The role ARN is the role that was created earlier in the AWS docs to allow the Principal {“Service”: “logs.amazonaws.com”} to be allowed to put records on the Firehose.

I created this role so that any logs can write to the Firehose. This means the role can be created once and passed into a Lambda module as a var (as above) rather than having a role for every Lambda created (which may be more appropriate in shared accounts or high-security scenarios).

The destination_arn is the ARN of the Firehose.

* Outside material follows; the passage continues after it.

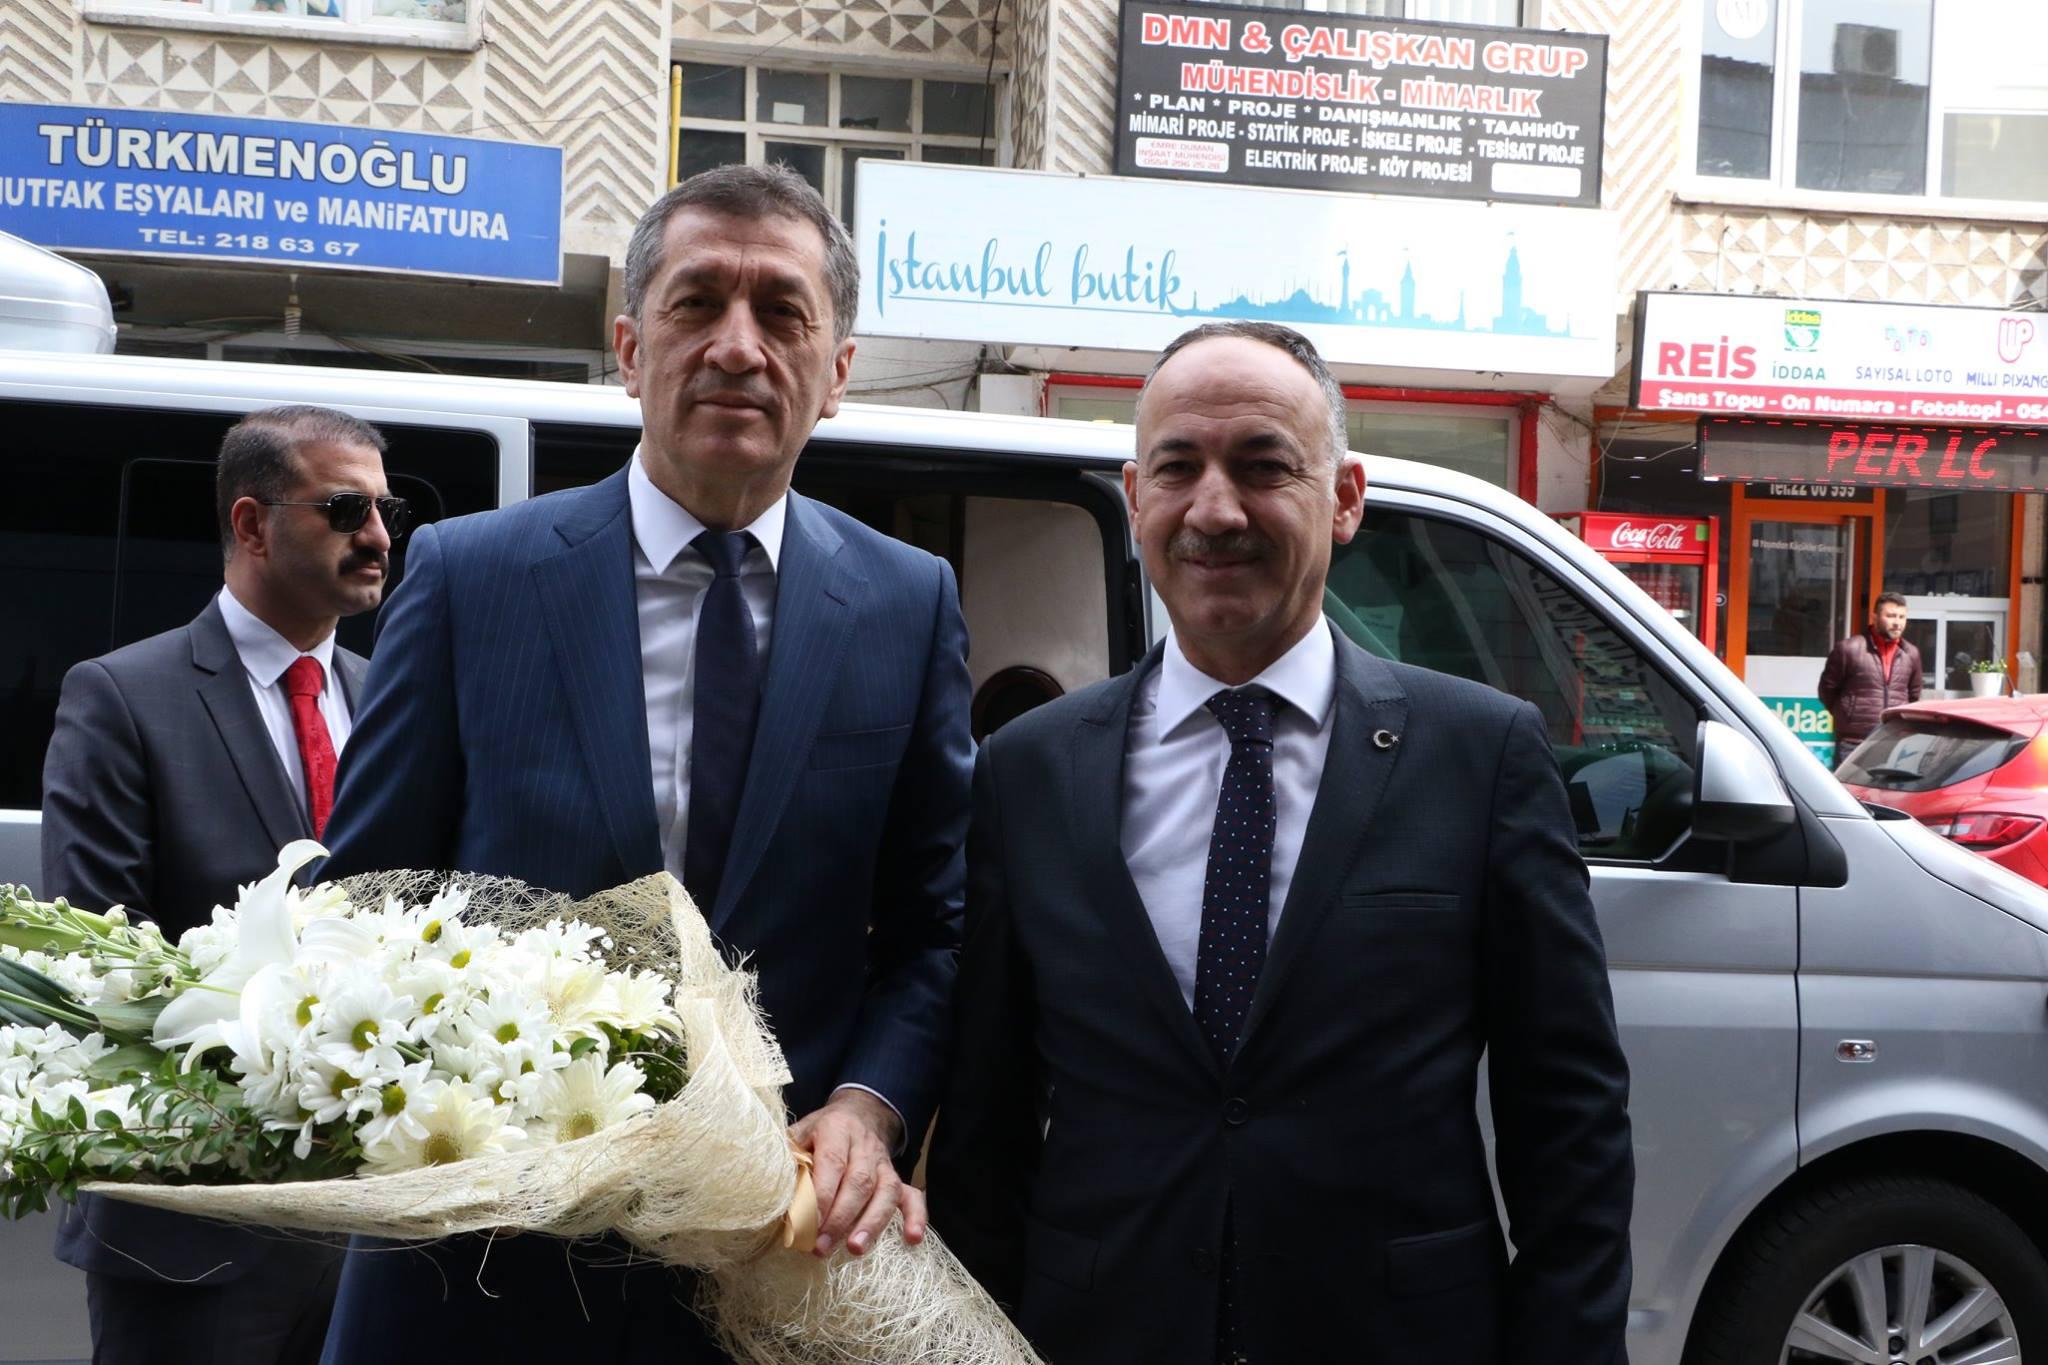 Milli Eğitim Bakanı Ziya Selçuk Belediyemizi Ziyaret Etti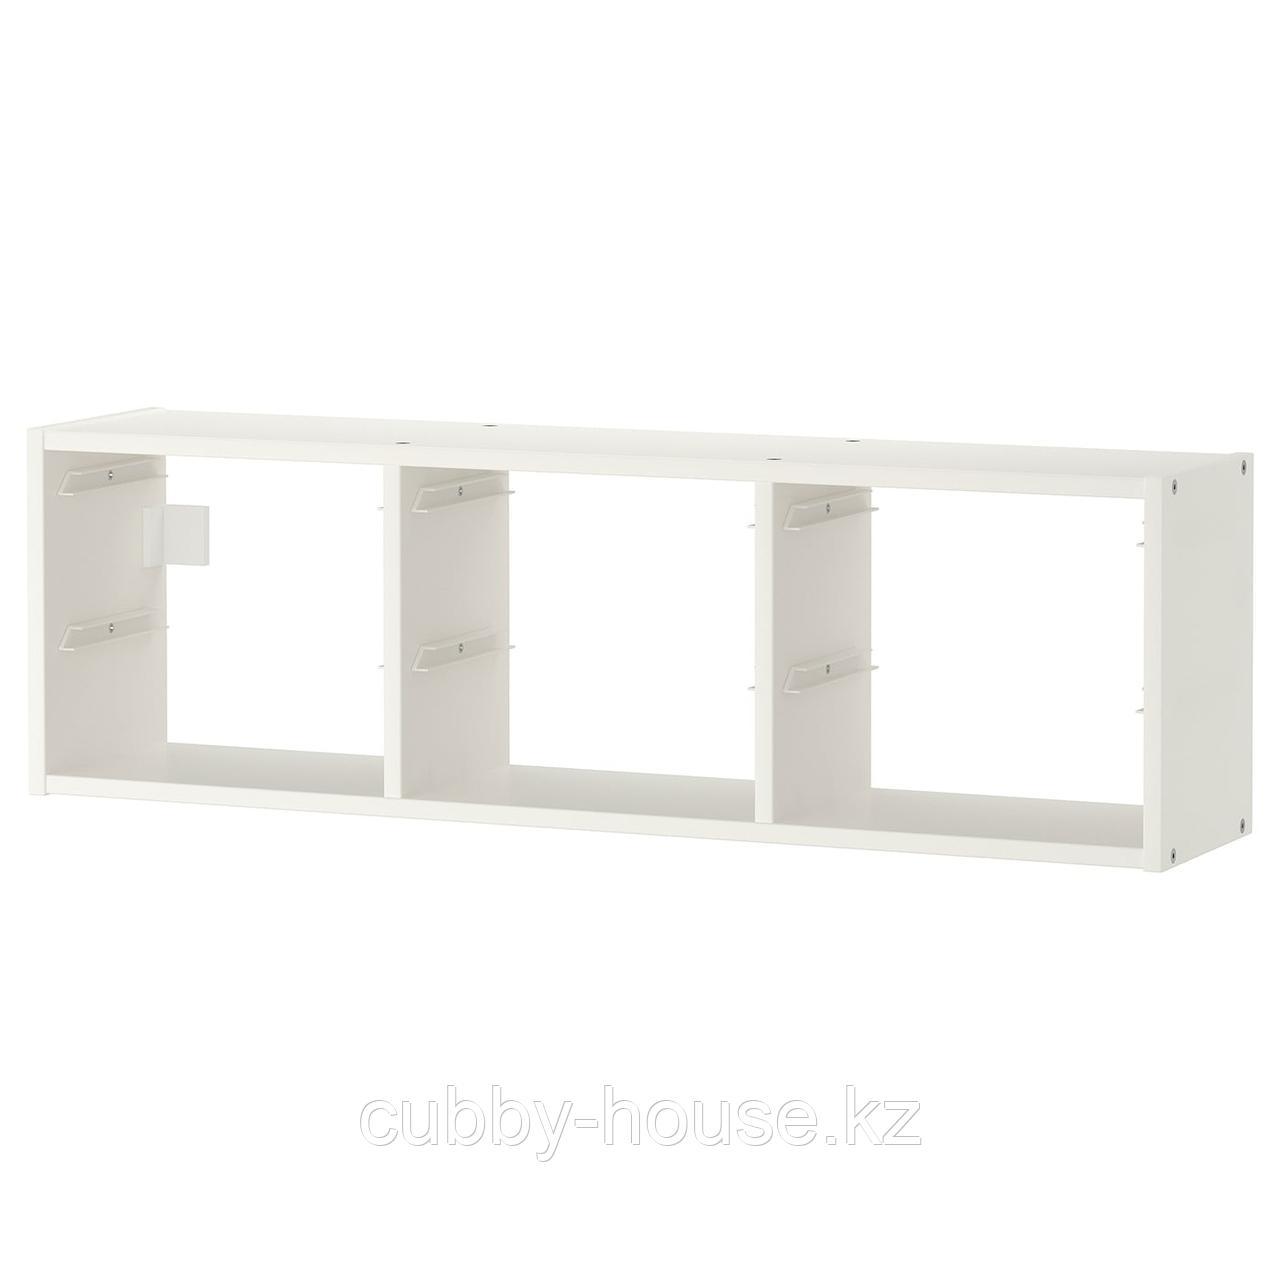 ТРУФАСТ Настенный модуль для хранения, белый, 99x30 см

Again, I pass this in as a variable as I like to keep the Firehose separate from the Lambdas. As it is infrastructure, I don’t expect to change often, so planning it on every Terraform run doesn't make sense.

Conclusion

This is a pretty simple to set up serverless solution which will allow you to have all your logs in a single place. Most Observability platforms allow you to enrich or parse the data on ingest to the platform, which means that the Groking and partitioning (and drops) can be done at the platform's edge too, so there really isn’t much of a downside to this pattern.

Getting the Terraform right is key to maintainability, and having layered modules and states will ensure all your Lambdas get their logs shipped with minimal effort and makes config changes quick and simple to roll out.
Even moving from one Observability platform to another could be done simply by updating where the Firehose points to (so long as the resource name doesn’t change), which is really about as flexible as you can get.